Клеймо дьявола - Серно Вольф
— Ну, раз так… конечно, помогу вам. — Фирбуш махнул служке, который все это время пытался выправить свечи. — Якобс, принеси мне книги записей о смерти. Вниз спусти, к большому амвону, на нем достаточно места, чтобы их пролистать.
Фирбуш подхватил Лапидиуса под руку и повел его к месту, объясняя по дороге:
— Вообще-то книги смертей могут также называться и книгами записей о рождении. Или о крещении. Или о венчании. Поскольку в них заносятся все эти важные события.
— А также книгами пороков и других приметных черт? — пошутил Лапидиус.
— Не всегда. Но в общем-то вы правы. Все мы человеки, и кто из нас не без греха. А, вот и ты, Якобс. Спасибо, можешь дальше заниматься свечами. Ну, магистр Лапидиус, боюсь, у меня нет столько свободного времени, чтобы помочь вам просмотреть все эти книги, долг зовет, знаете ли… — Фирбуш бросил выразительный взгляд на церковную кружку.

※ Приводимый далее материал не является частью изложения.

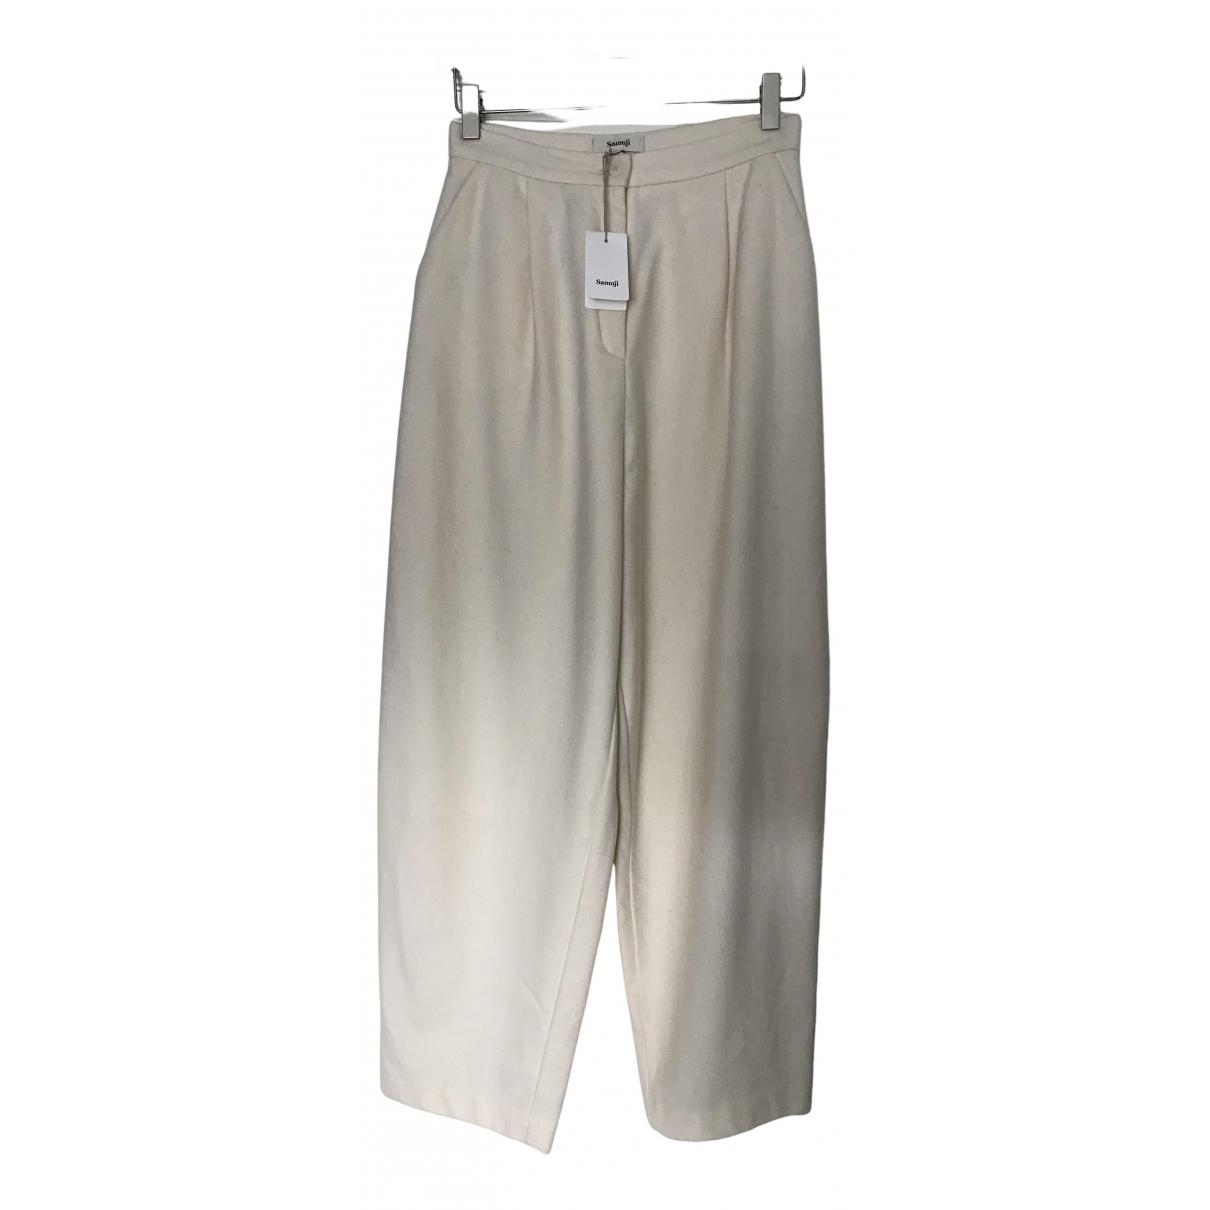 Pantalon zanahoria de Lana Samuji

Лапидиус понял намек и бросил в нее пару монет. Послышался звон.
— Что ж, тем не менее приступим. Никто не может упрекнуть меня в бесчувствии.
Последующие изыскания заняли немало времени, как показали колокола на башне. Под конец они отобрали тринадцать мужчин, после имени и даты рождения которых стояло не «здоров», а следовало указание увечья. «Левая нога короче правой», например, или «срослись пальцы правой ноги», или просто «косолап на правую ногу».
— Думаю, можем исключить всех, у кого увечна правая нога, — сказал Лапидиус, припоминая следы на снегу. — Тот человек хром на левую.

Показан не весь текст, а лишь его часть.